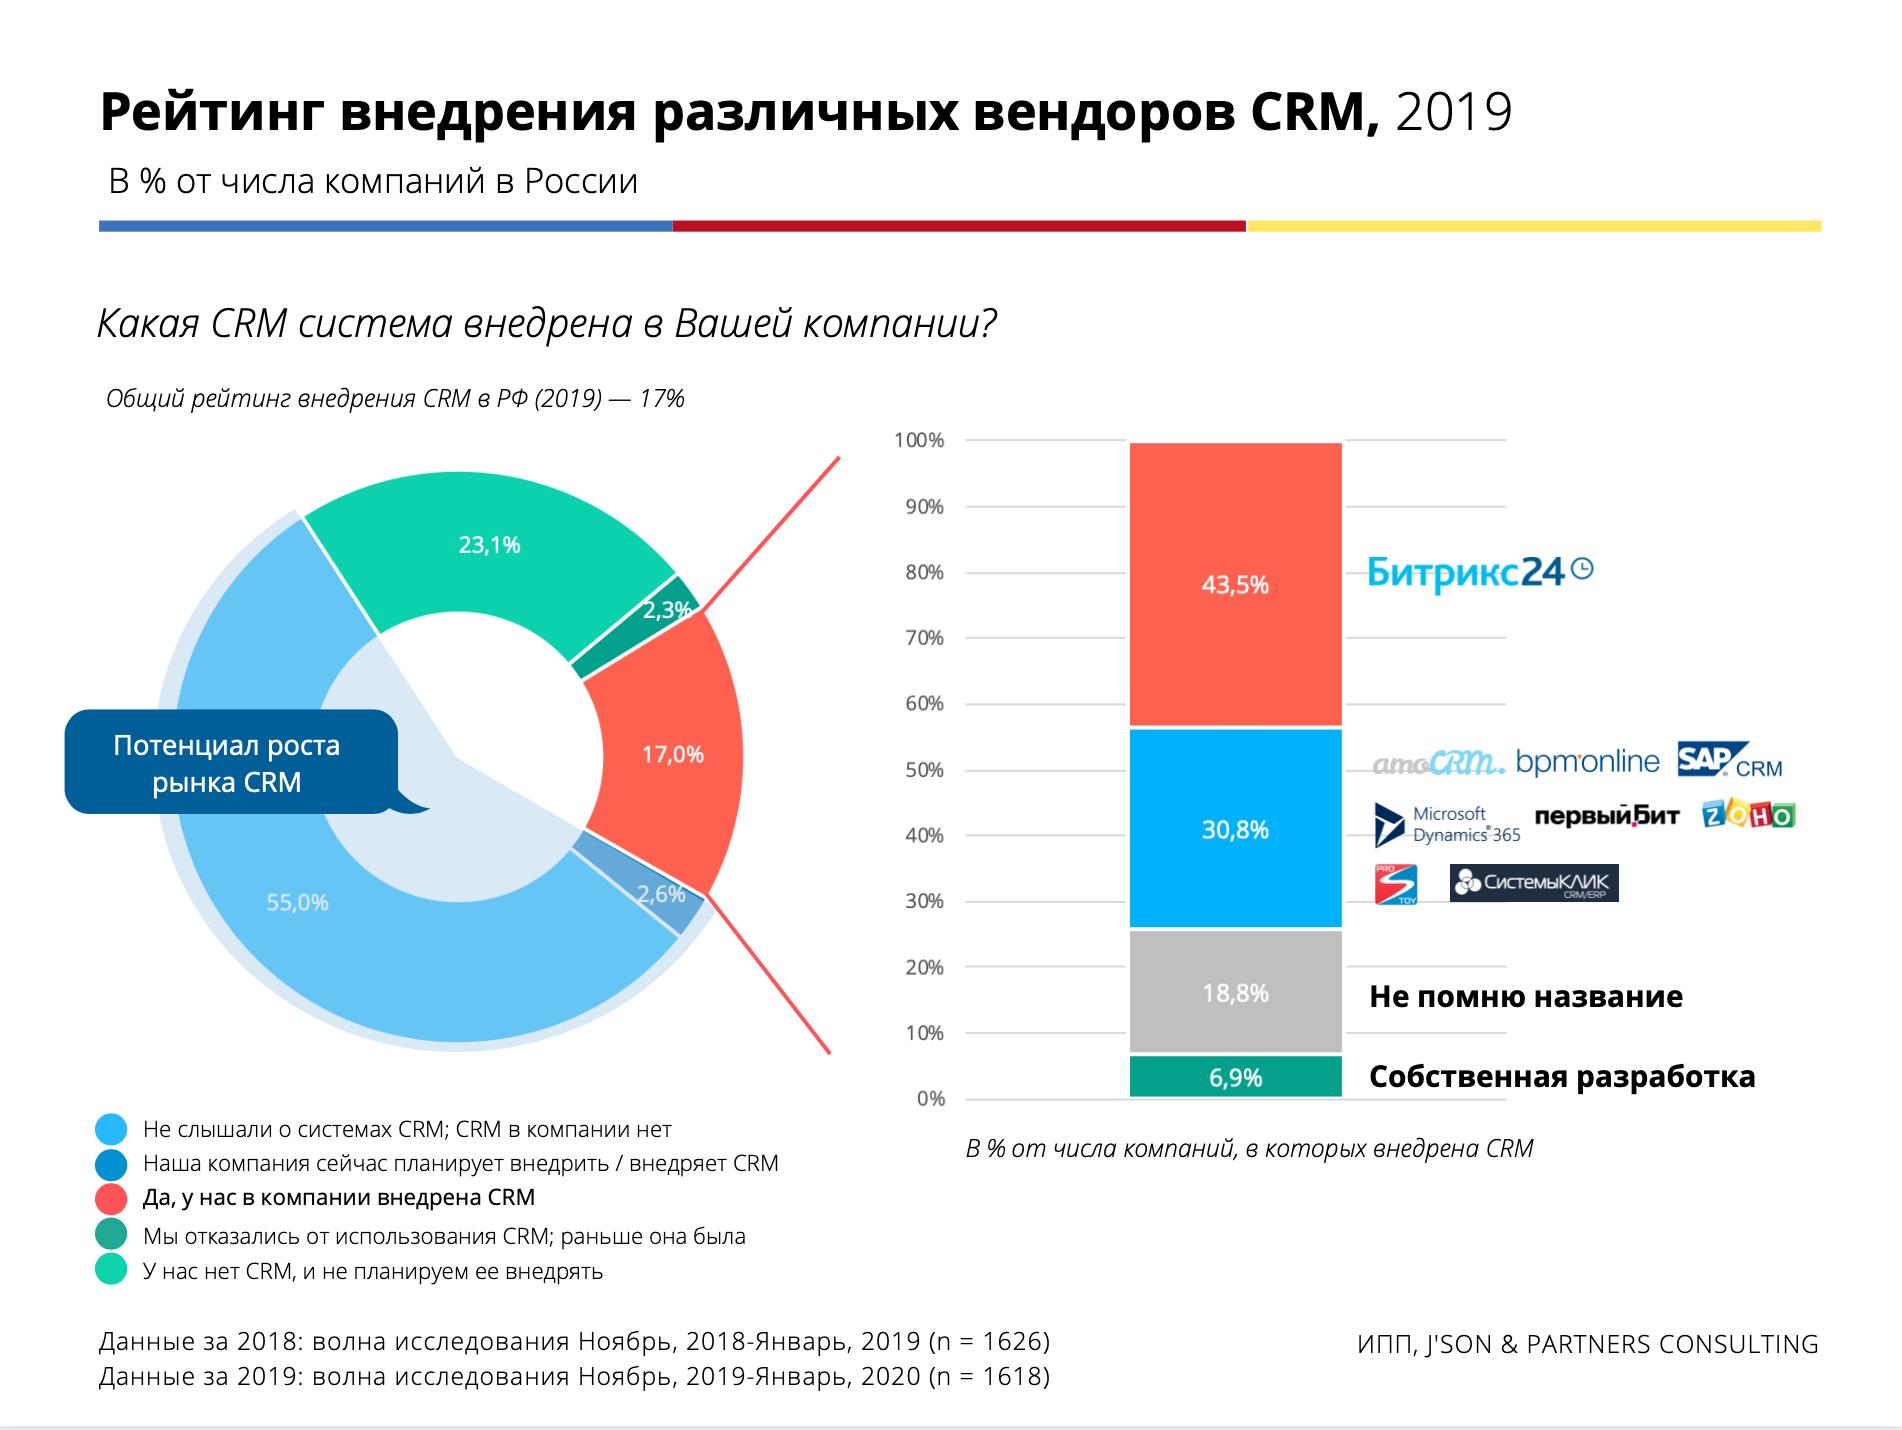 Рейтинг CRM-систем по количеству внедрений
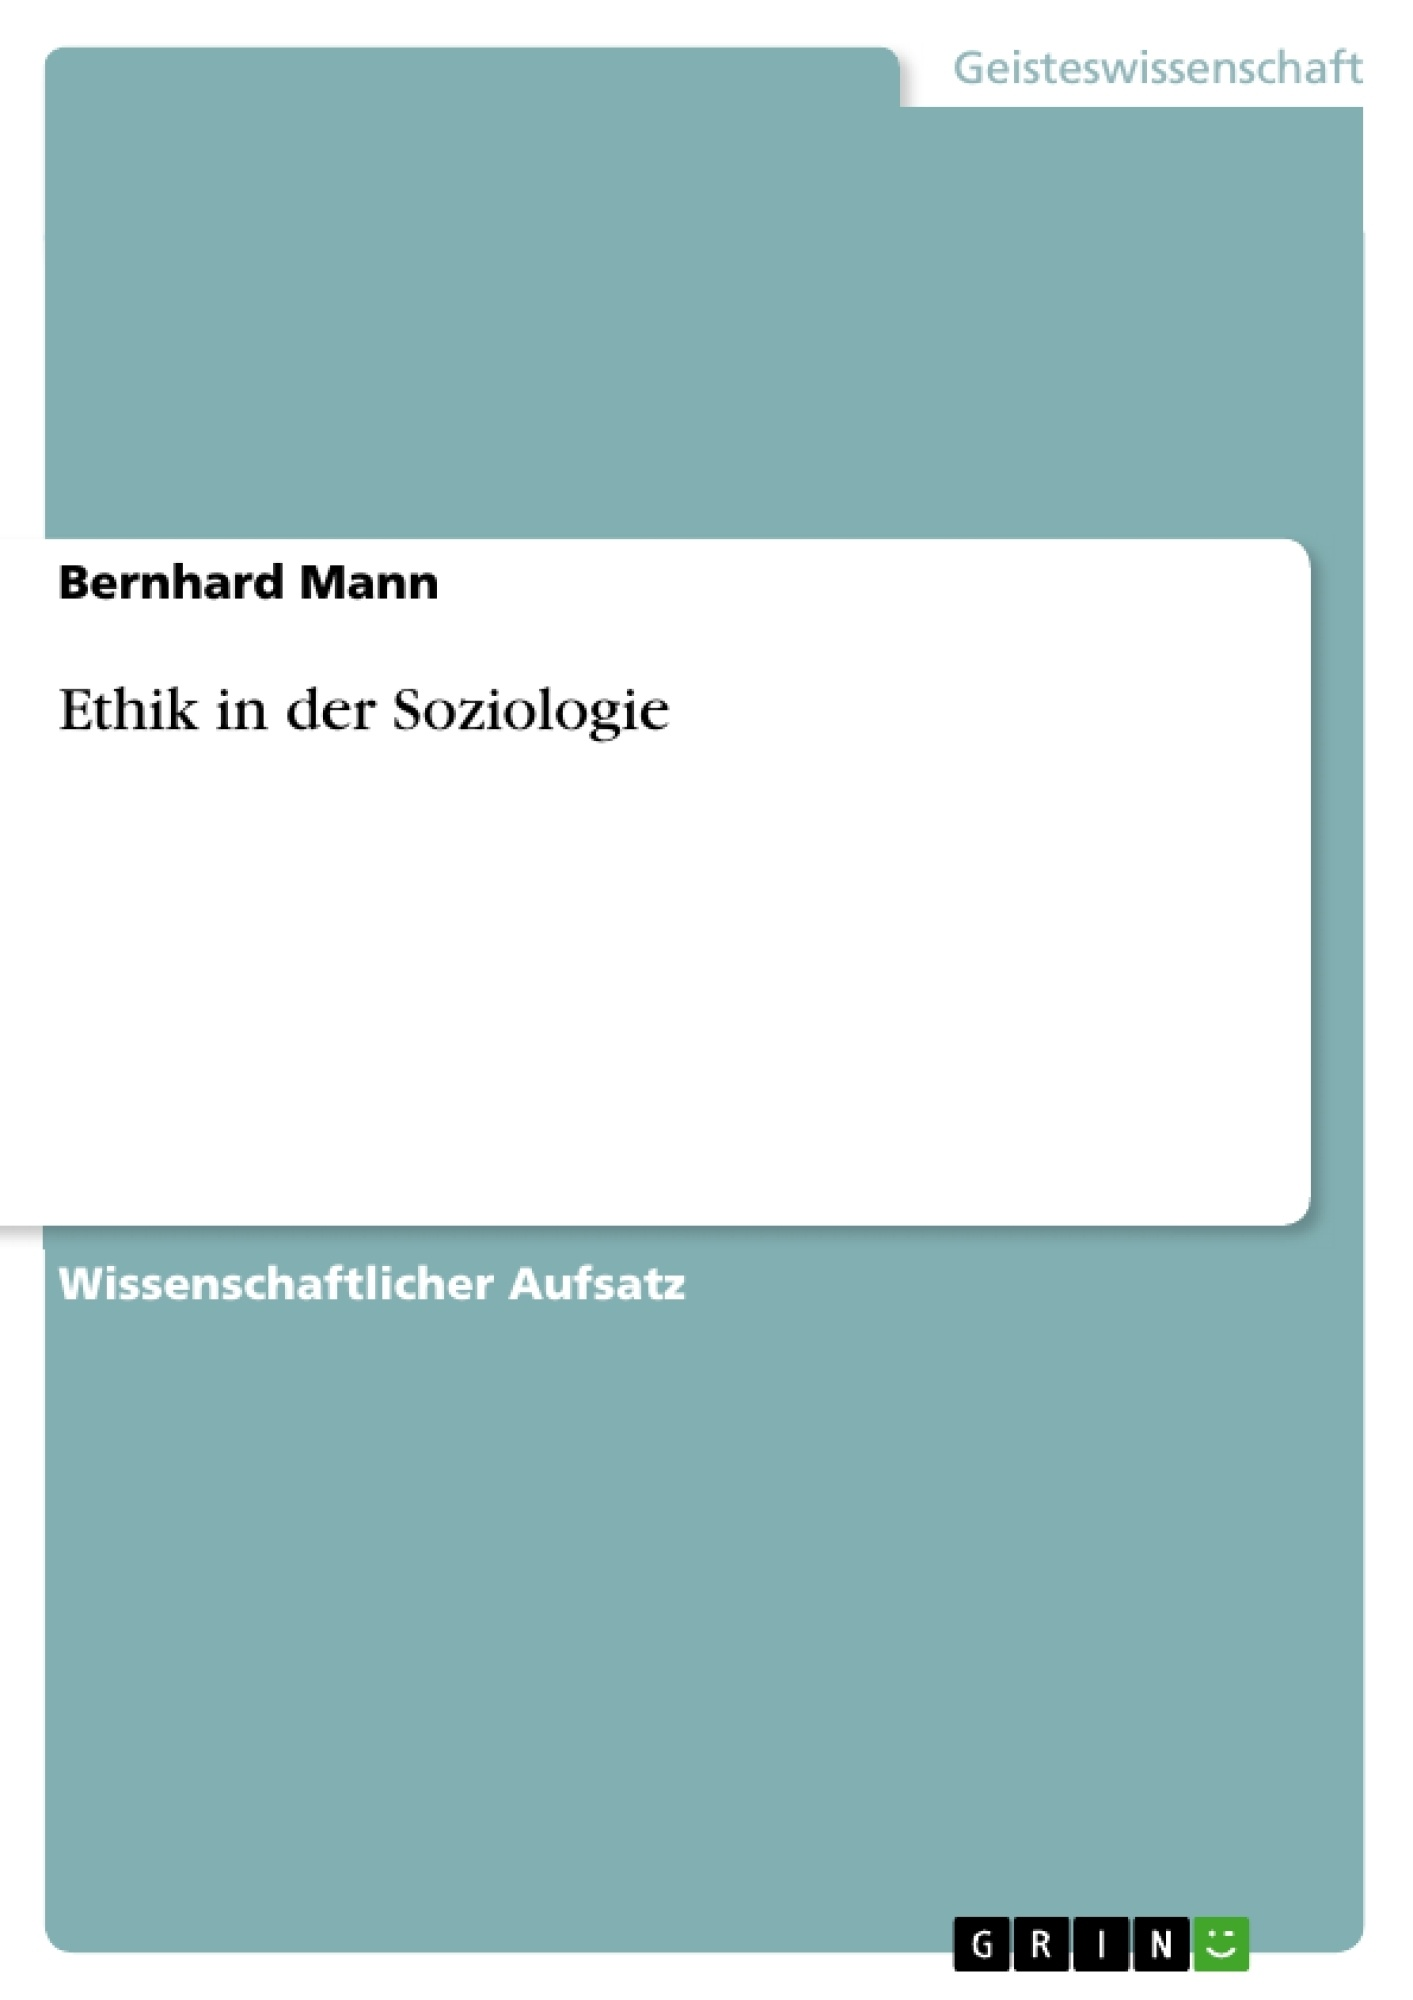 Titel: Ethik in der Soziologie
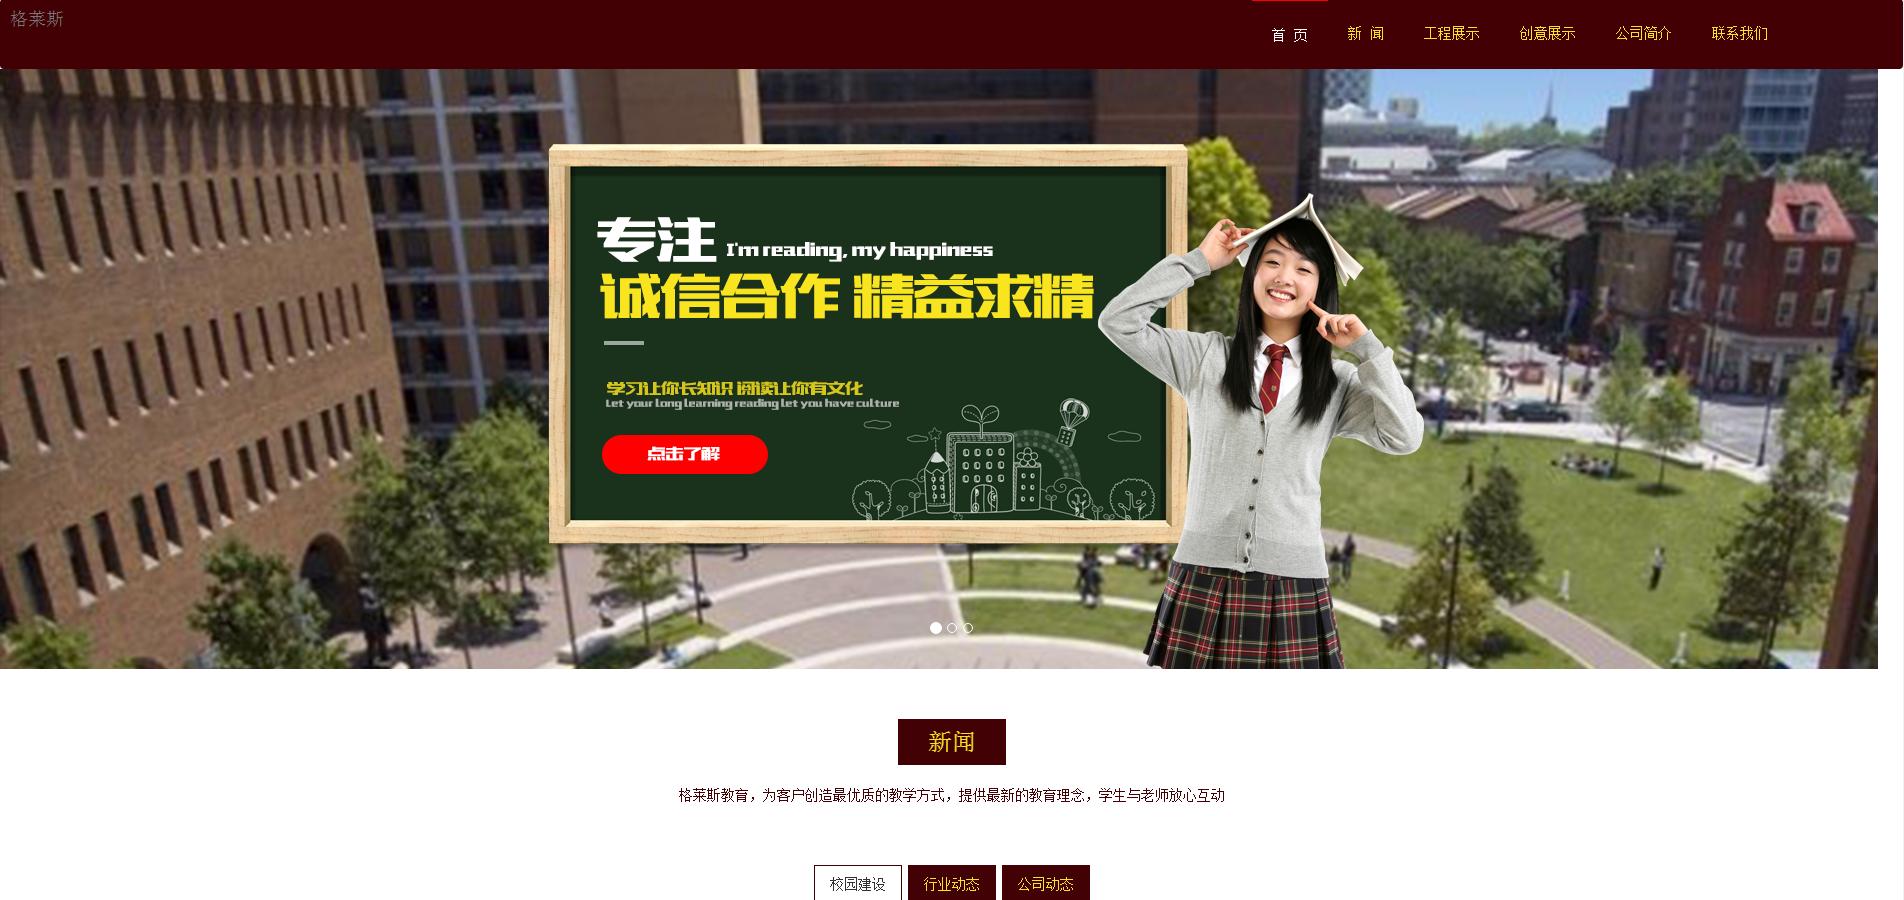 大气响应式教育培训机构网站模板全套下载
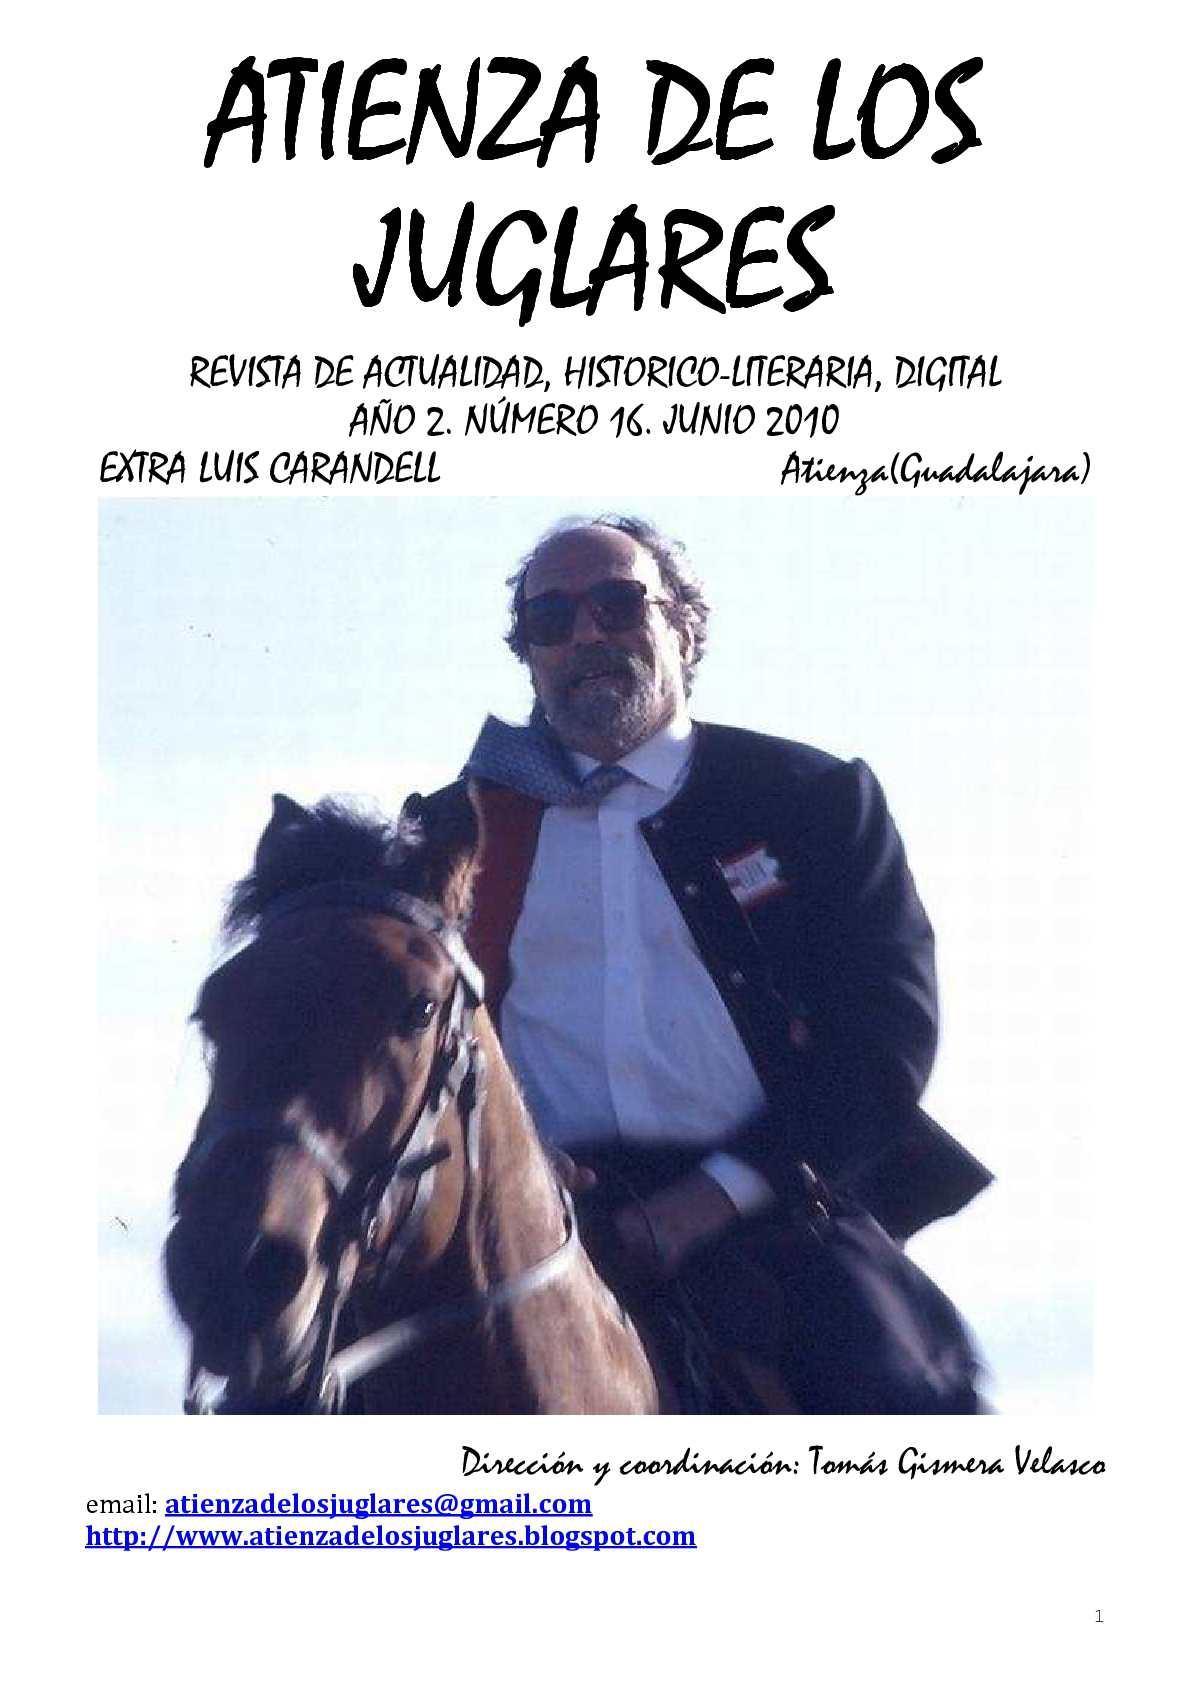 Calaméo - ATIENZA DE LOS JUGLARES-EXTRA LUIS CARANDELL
◆ ◆ ◆ ◆ ◆ ◆ ◆
> [Exercise brief]: Copy all the material above exactly, but skip each image.

> [Your solution]:
 Рейтинг CRM-систем по количеству внедрений
 Titel: Ethik in der Soziologie
 大气响应式教育培训机构网站模板全套下载
 Calaméo - ATIENZA DE LOS JUGLARES-EXTRA LUIS CARANDELL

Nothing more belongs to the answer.